A resolution is being proposed at this year’s Southern Baptist national convention, demanding Southern Baptists investigate their local public school systems and withdraw their kids from any school that allows a gay/straight alliance to meet, discusses sexual orientation in class, or implements an anti-bullying program inclusive of sexual/gender minorities.
The resolution organizers imply, but do not explicitly state, that the measure enjoys support from these pundits of the exgay movement:
Peter LaBarbera, founder of Americans for Truth and Executive Director of the Illinois Family Institute,
Linda Harvey, President, Mission America, Columbus, Ohio
Robert Knight, program director, Concerned Women for America
Dr. Jeffrey Satinover, M.S., M.D., Department of Politics, Princeton University
Dr. Warren Throckmorton, Associate Professor of Psychology, Grove City College
I don’t mean to be nasty, but it is interesting that the response of Southern Baptists to the presence of facts or arguments that are contrary to their religious beliefs is to withdraw their children from the public school. Is that because their religious beliefs are so weak they will crumble under any contrary argument?
I was raised Catholic and went to public school. We certainly knew kids who were Protestant and Jewish, who did not follow Catholic theology, but my parents figured our religious training was sufficient for us to be exposed to these children without “losing our religion.” Hell, my junior high even provided information on contraception.
The Southern Baptists seem to have a psychological need to find something gay to get fired up about every year. This is proof that you can’t please them. Nothing short of eradication of gays will, and then they will be lost because they only exist to hate us at this point.

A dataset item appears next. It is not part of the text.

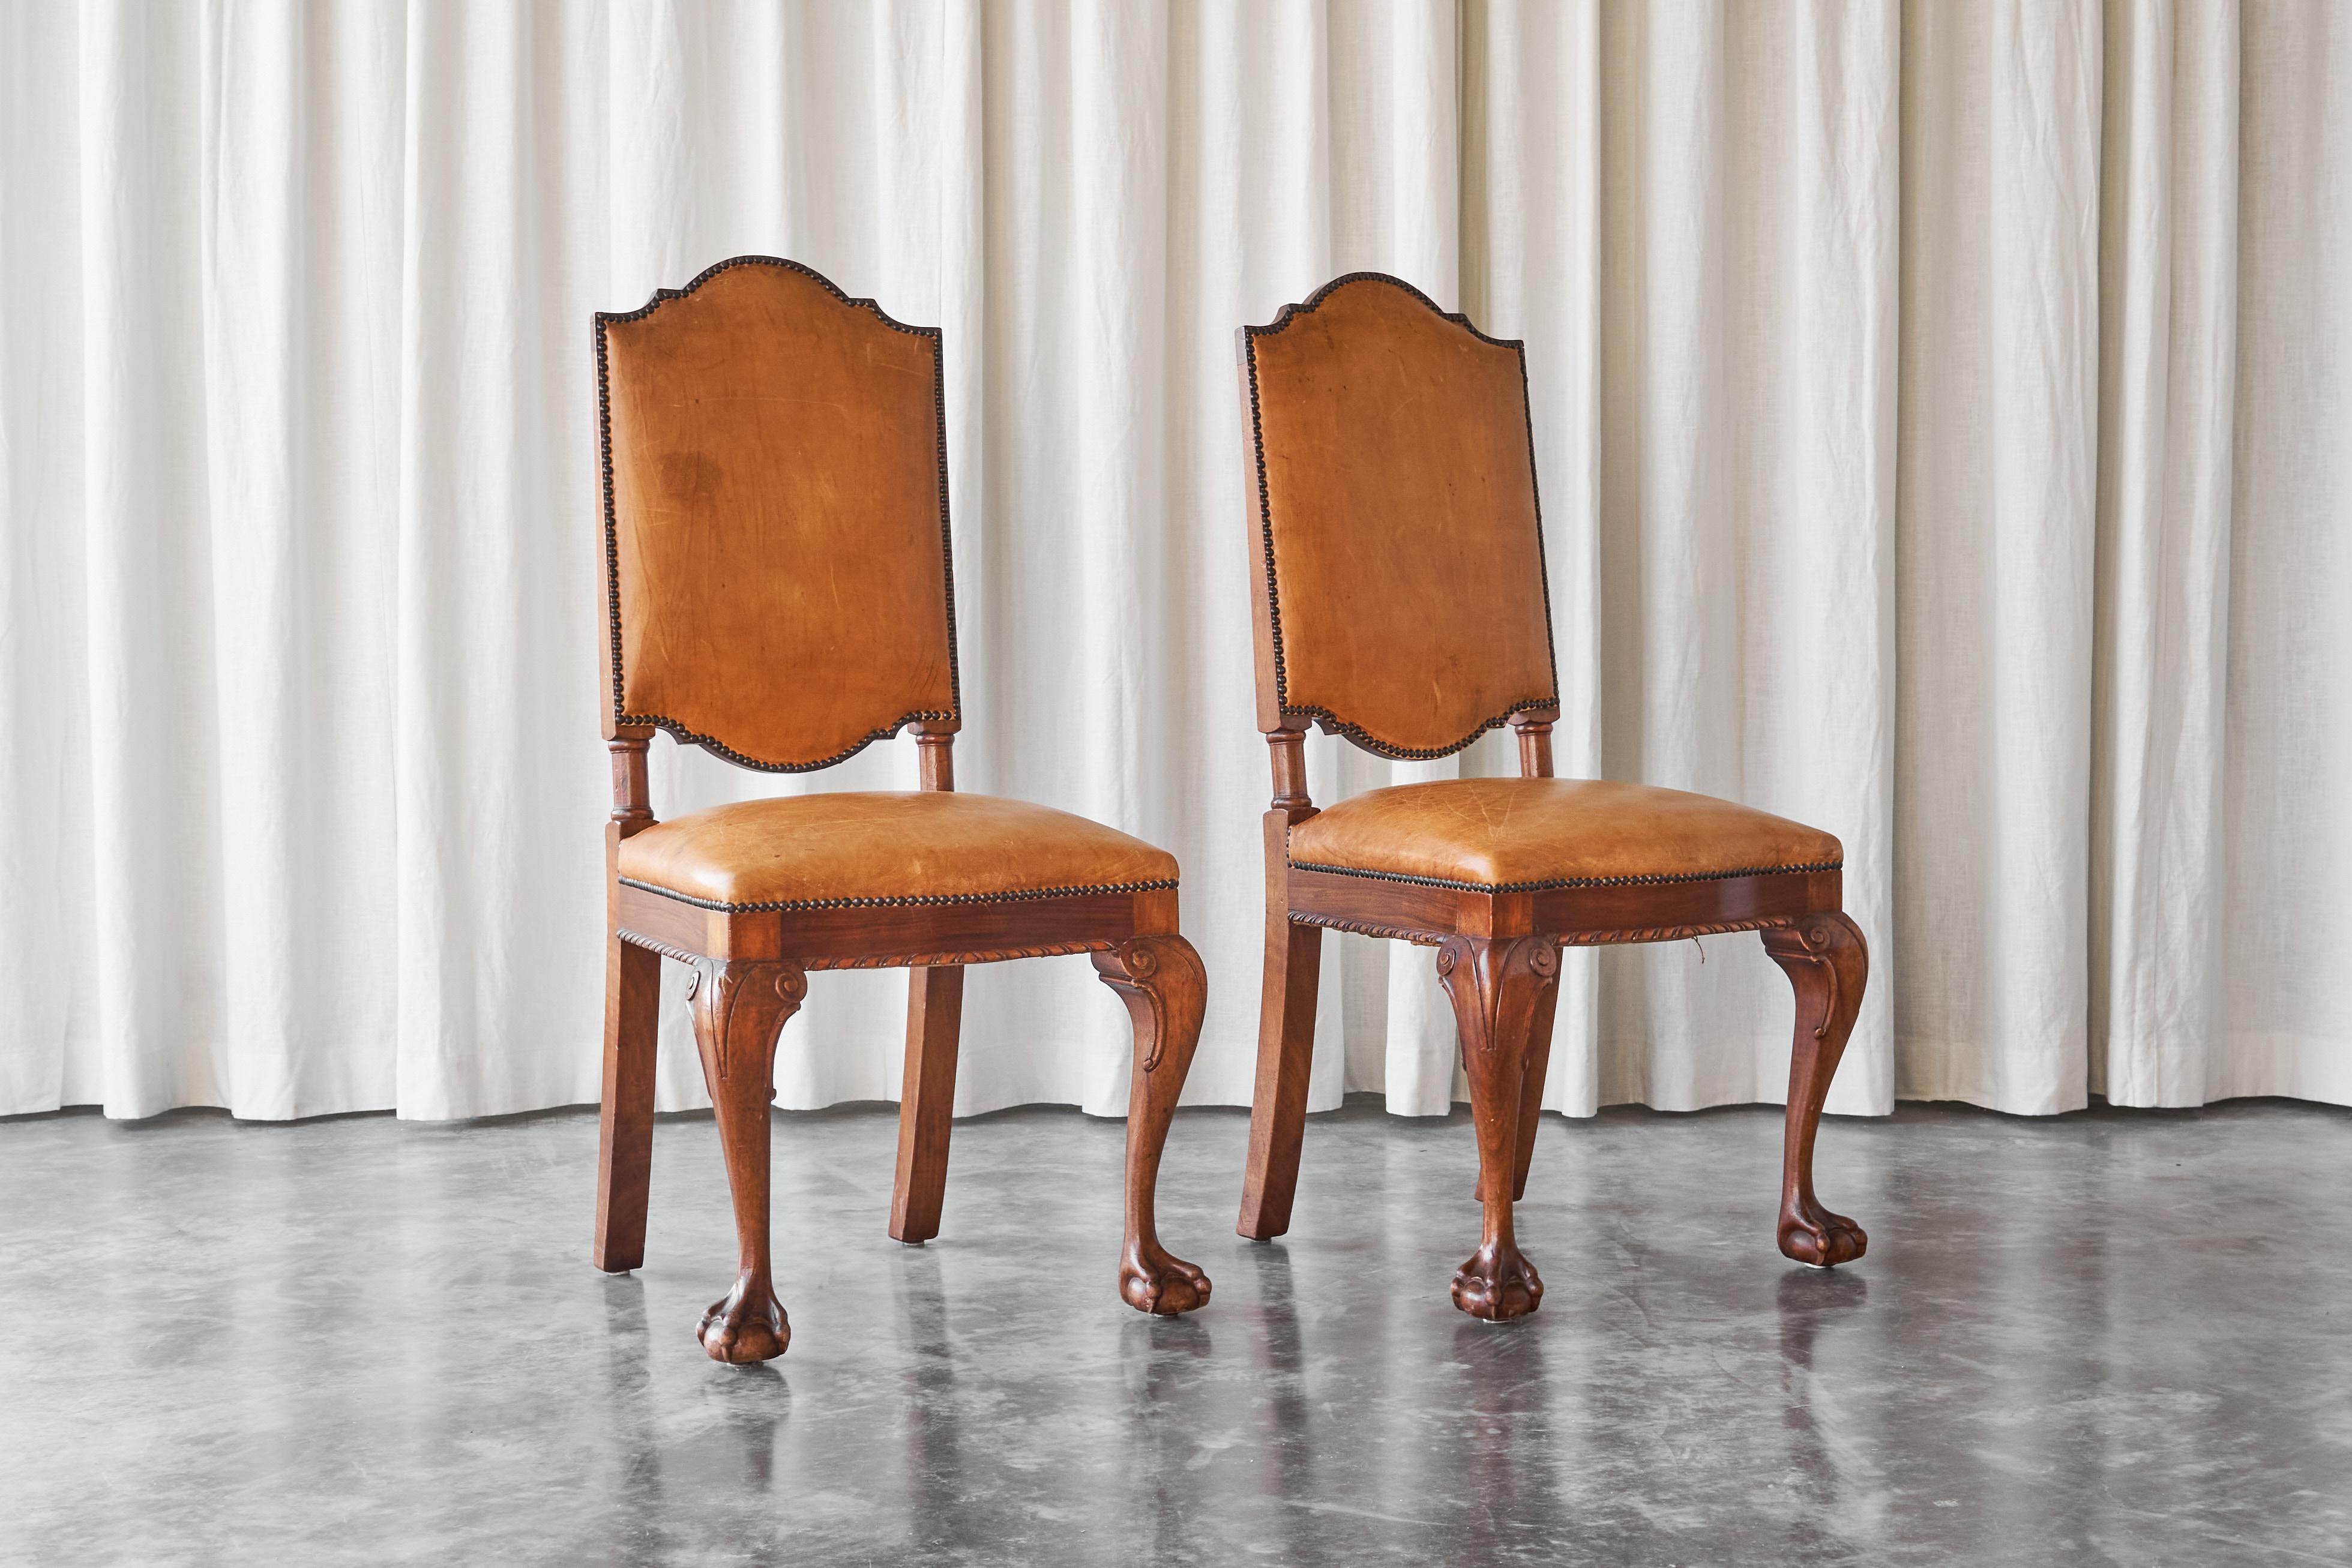 Art Deco 't Woonhuys Amsterdam Rare Pair of Side Chairs in Patinated Cognac Leather 1920s For Sale

Are they FOR bullying of gays?
Mike Airhart at May 18, 2005 04:22 AM
A resolution is being proposed at this year’s Southern Baptist national convention, demanding Southern Baptists investigate their local public school systems and withdraw their kids from any school that allows a gay/straight alliance to meet, discusses sexual orientation in class, or implements an anti-bullying program inclusive of sexual/gender minorities.
I’ve noted this on a number of science-oriented web sites. Be prepared. The “culture wars” will result in the demise of public education in the US. It isn’t just homosex. It’s also evilution (misspelling intentional) and modern physics (big bang theory).
Intelligent people (scientists, primarily, but also those who are interested in a liberal arts education) are going to have to face up to it. And the sooner they do, the better off they’ll be.
I have come to the conclusion that I don’t particularly care. We don’t have any children. And we’ll be residing primarily in Germany in a few years. It’s your kids who are going to suffer. (This is the universal “your,” like the royal “we.” I don’t know whether anyone here has children.) The Europeans and the Chinese are really going to clean up. Particularly the Chinese.
And, before I get a bunch of brick bats tossed my way, just to let you know, I’m being very sarcastic.
In the 1960s, my parents dragged me to a Baptist church of the Amerian Baptist Convention. It wasn’t a bad church. The pastor was actually very nice, as pasters are wont to be. Unfortunately, as the pastor and I were walking from the building in which they held sunday school to the church building (I really was a good lil’ boy) at one point during the 1960 presidential election campaign, he made a comment that I have never forgotten. I don’t recall the exact words of the comment. But the substance of the comment was an anti-Catholic slur.
We had Catholic kids in the neighborhood I grew up in. They were very nice. We had St. X high school at the head of the street (this was when I was growing up in a suburb of in Cincinnat). My HS biology teacher was a same-sex partner of a teacher at St. X. We kind of knew it. He was almost certainly gay. He and his St. X science teacher partner organized science club visits by my HS and St X to the wonderful science museums in Chicago. He was a very nice man, and, from subsequent reports, he adopted a number of kids who would not likely have been adopted by “normal” couples.
But the most upsetting thing about my childhood religious indoctrination was the anti-Catholic slur made by that Baptist preacher in 1960.
On religion and education: I ran into the tail end of a report about complaints about one of the military academy and it’s insistence on fundamentalist Christianity. Any one know anything about it?